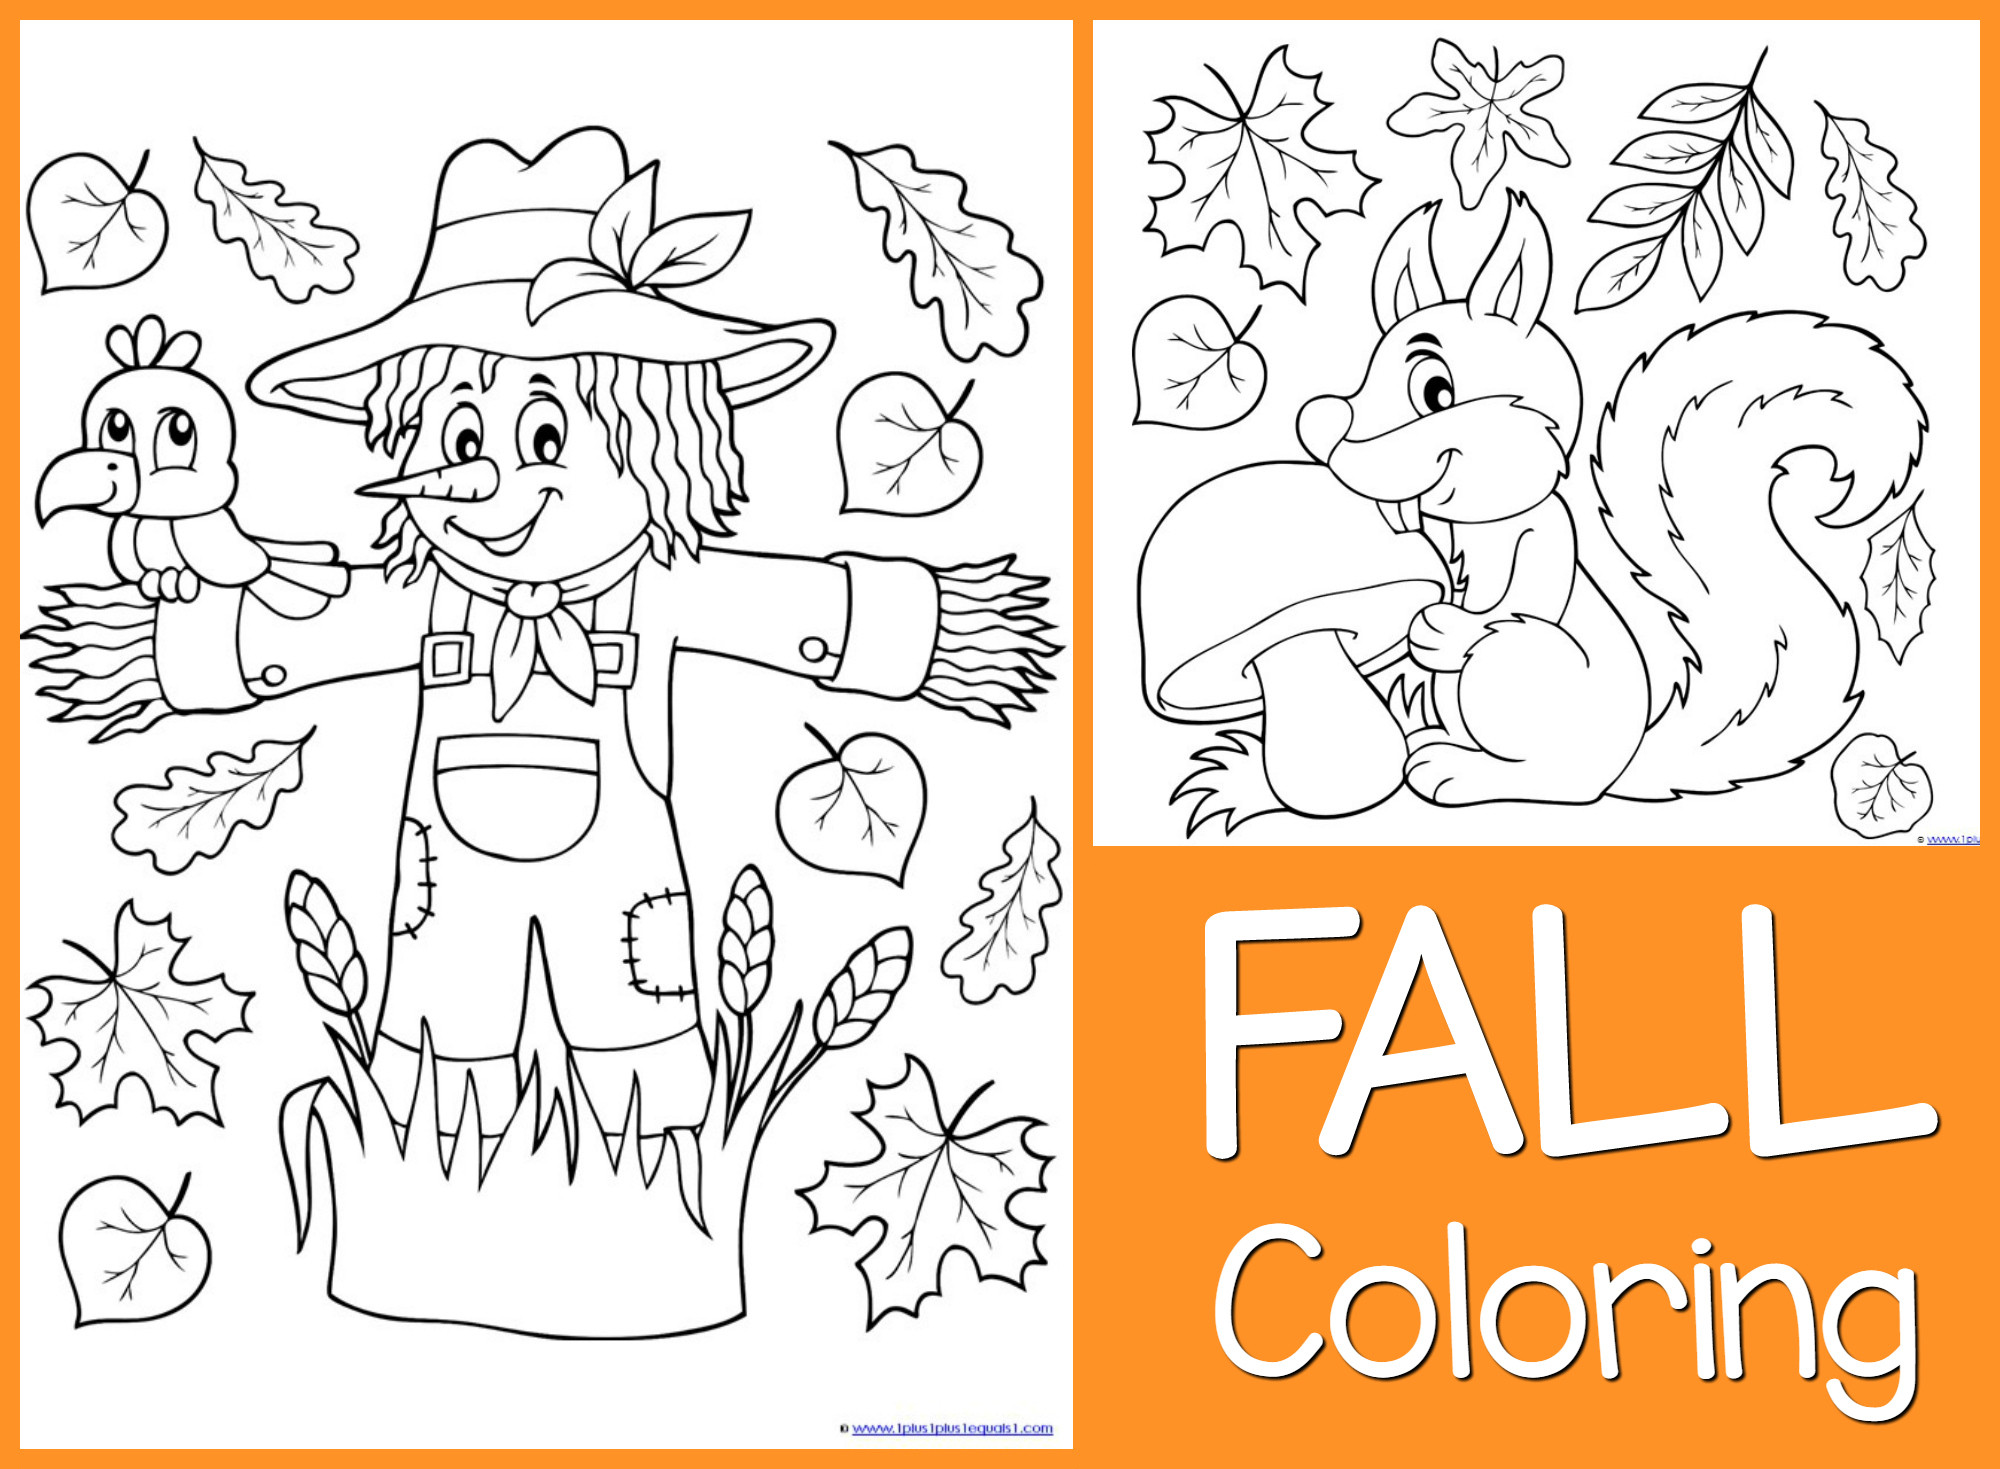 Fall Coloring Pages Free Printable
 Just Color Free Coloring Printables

==

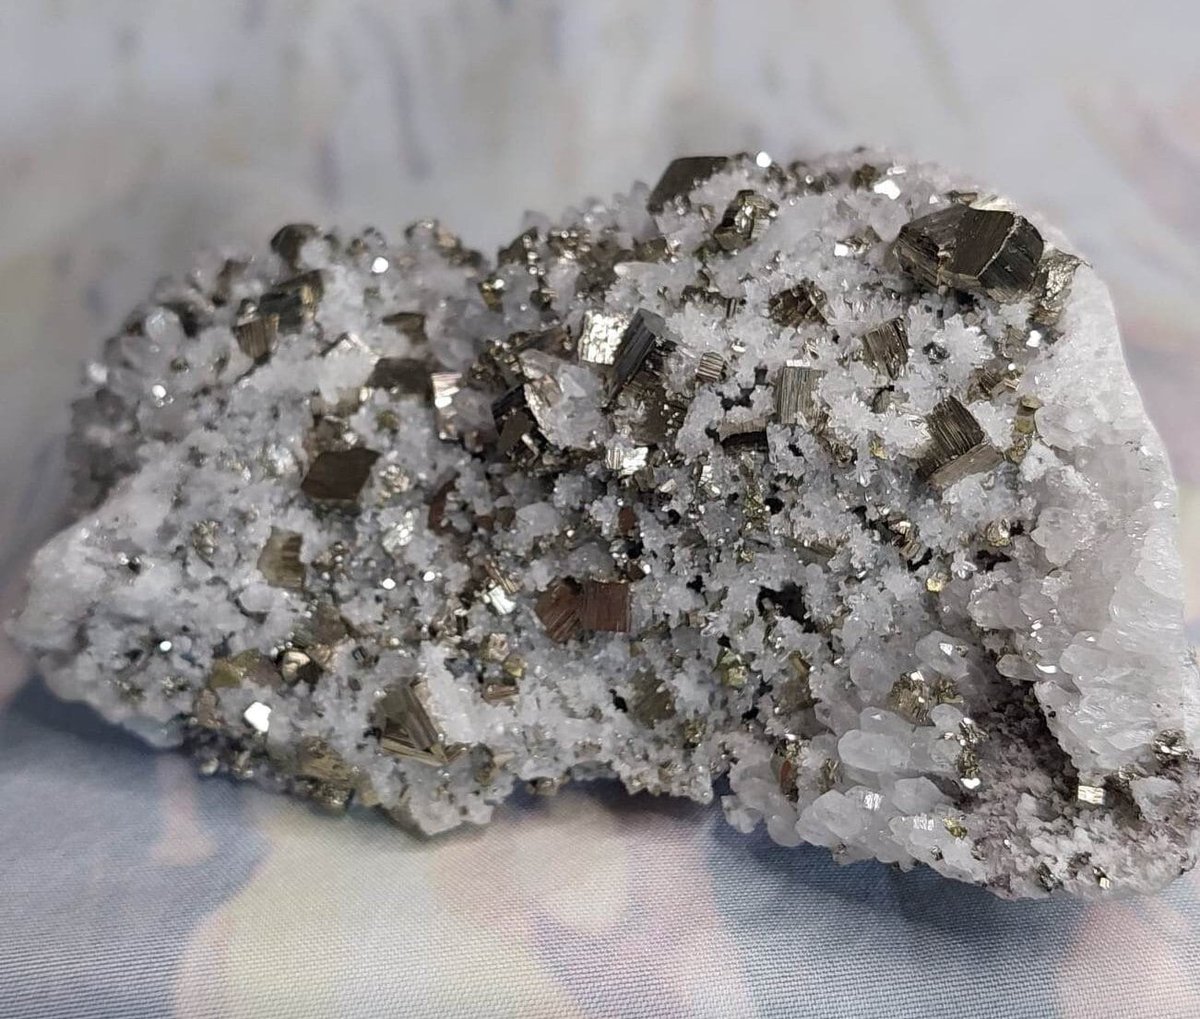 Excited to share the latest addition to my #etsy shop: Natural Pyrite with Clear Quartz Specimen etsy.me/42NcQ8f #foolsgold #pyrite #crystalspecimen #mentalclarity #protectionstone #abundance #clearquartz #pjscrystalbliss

* * *

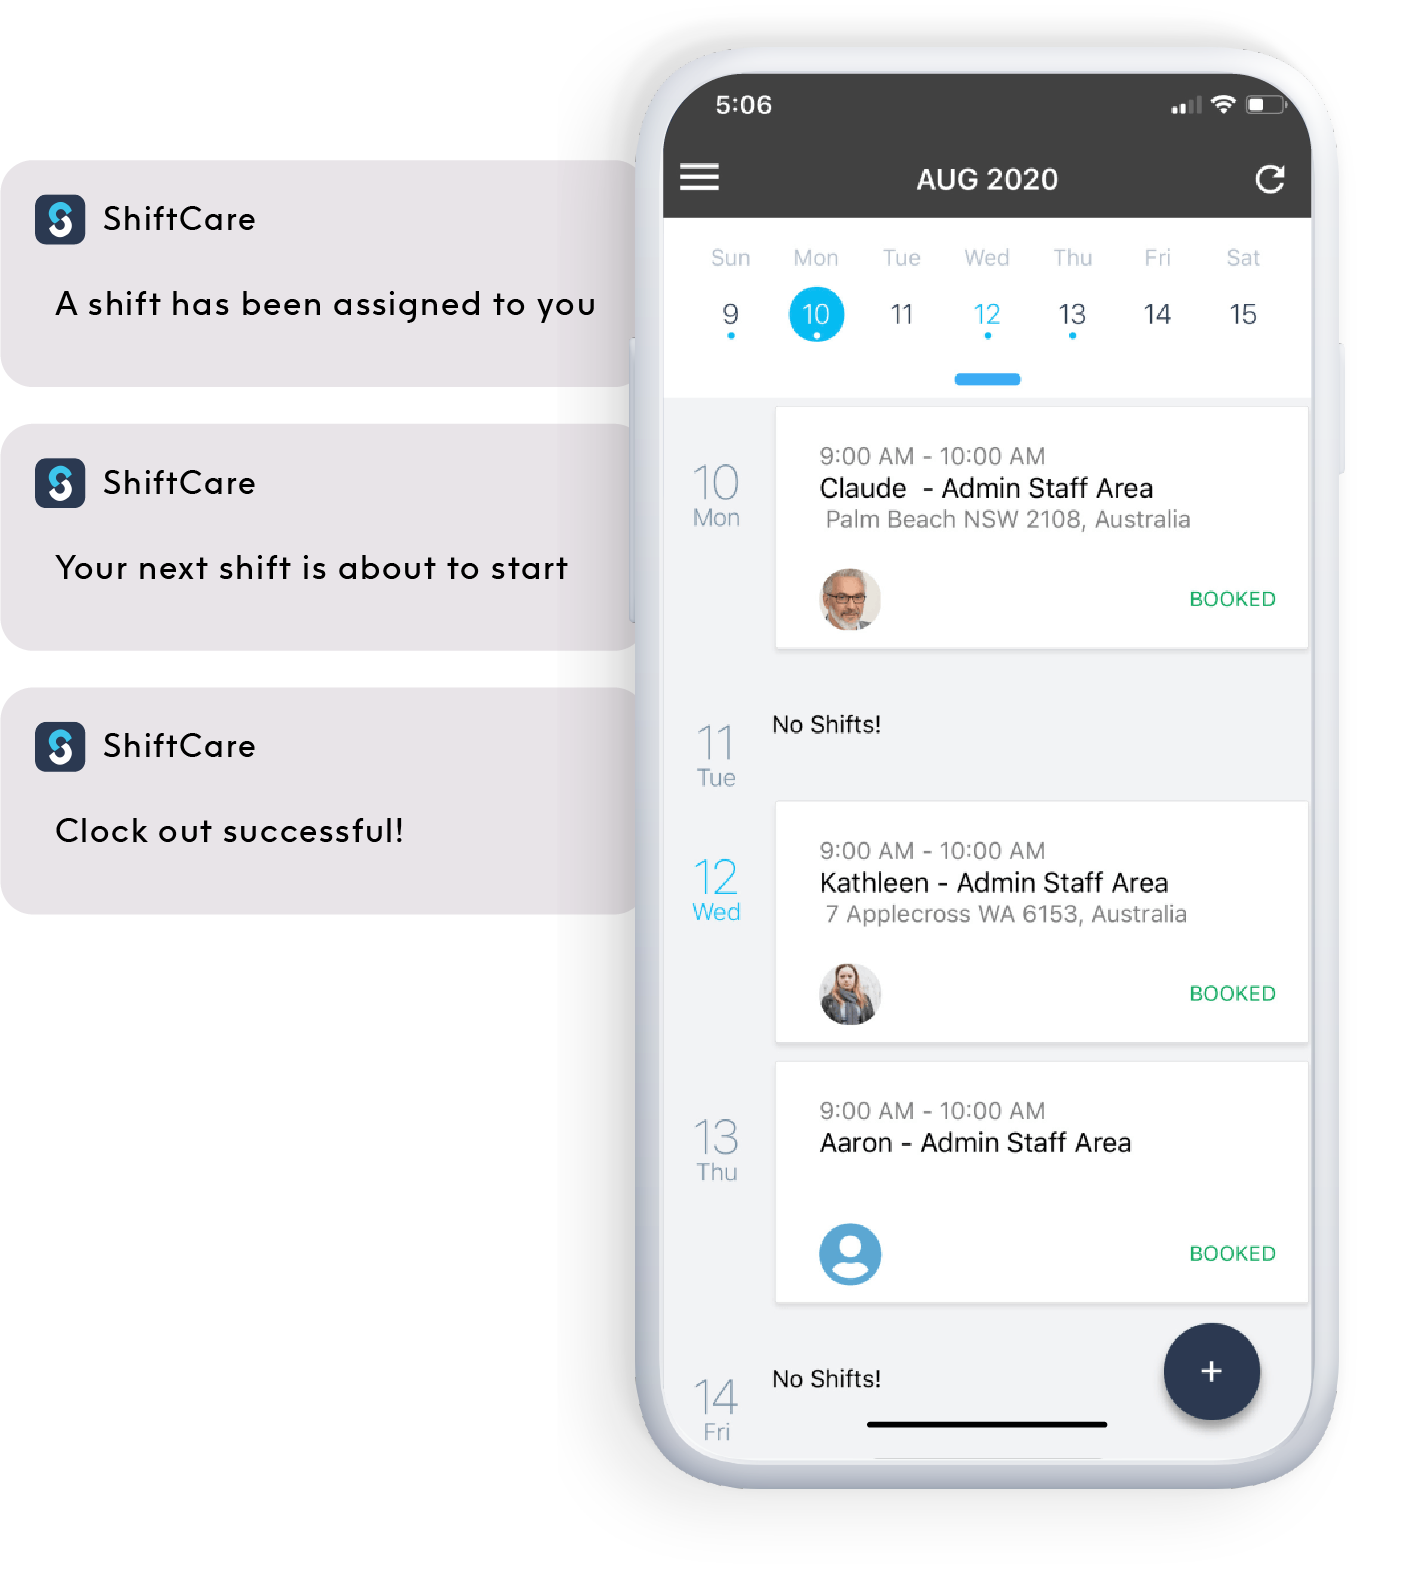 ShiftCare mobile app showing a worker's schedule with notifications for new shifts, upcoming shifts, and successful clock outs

→ **EXERCISE DETAILS**: An exact copy is needed. It runs from the line above containing "Fall Coloring Pages Free Printable" down to the line containing "Just Color Free Coloring Printables", both included, with no pictures.

→ **EXERCISE ANSWER**:
 Fall Coloring Pages Free Printable
 Just Color Free Coloring Printables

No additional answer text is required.